■ **Source records**:

· · · · ·

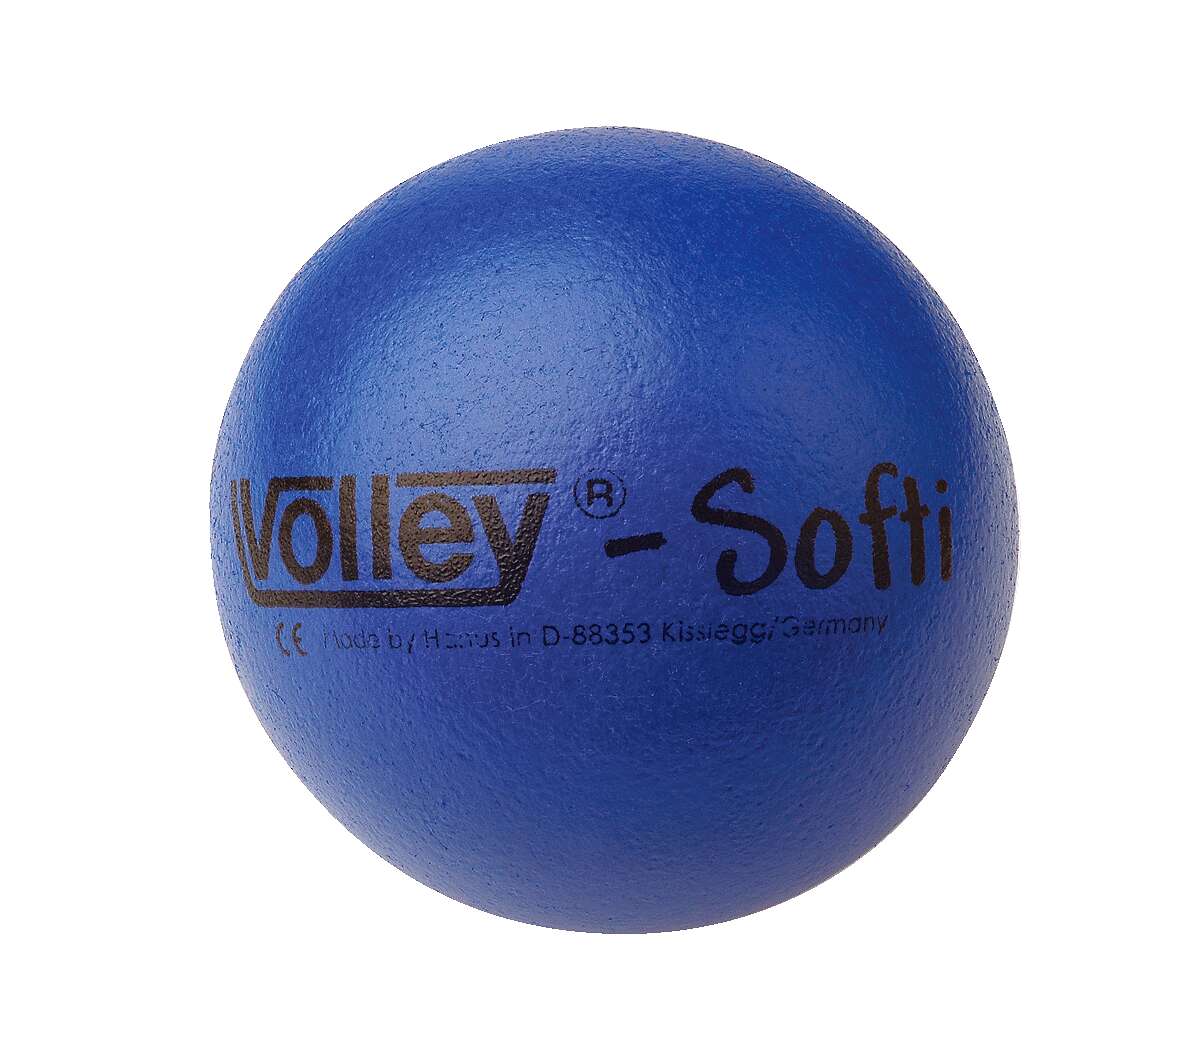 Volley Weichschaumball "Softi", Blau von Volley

· · · · ·

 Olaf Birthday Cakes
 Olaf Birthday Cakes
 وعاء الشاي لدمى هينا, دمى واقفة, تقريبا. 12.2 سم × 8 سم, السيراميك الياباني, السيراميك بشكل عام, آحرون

· · · · ·

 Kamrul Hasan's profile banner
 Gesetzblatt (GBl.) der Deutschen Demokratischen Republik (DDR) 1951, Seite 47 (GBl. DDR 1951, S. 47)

· · · · ·

■ **Task description**:
For this exercise, output exactly the lines above from the line with "Kamrul Hasan's profile banner" to the line with "Gesetzblatt (GBl.) der", counting both, and leave out the rest.

■ **Answer to the exercise**:
 Kamrul Hasan's profile banner
 Gesetzblatt (GBl.) der Deutschen Demokratischen Republik (DDR) 1951, Seite 47 (GBl. DDR 1951, S. 47)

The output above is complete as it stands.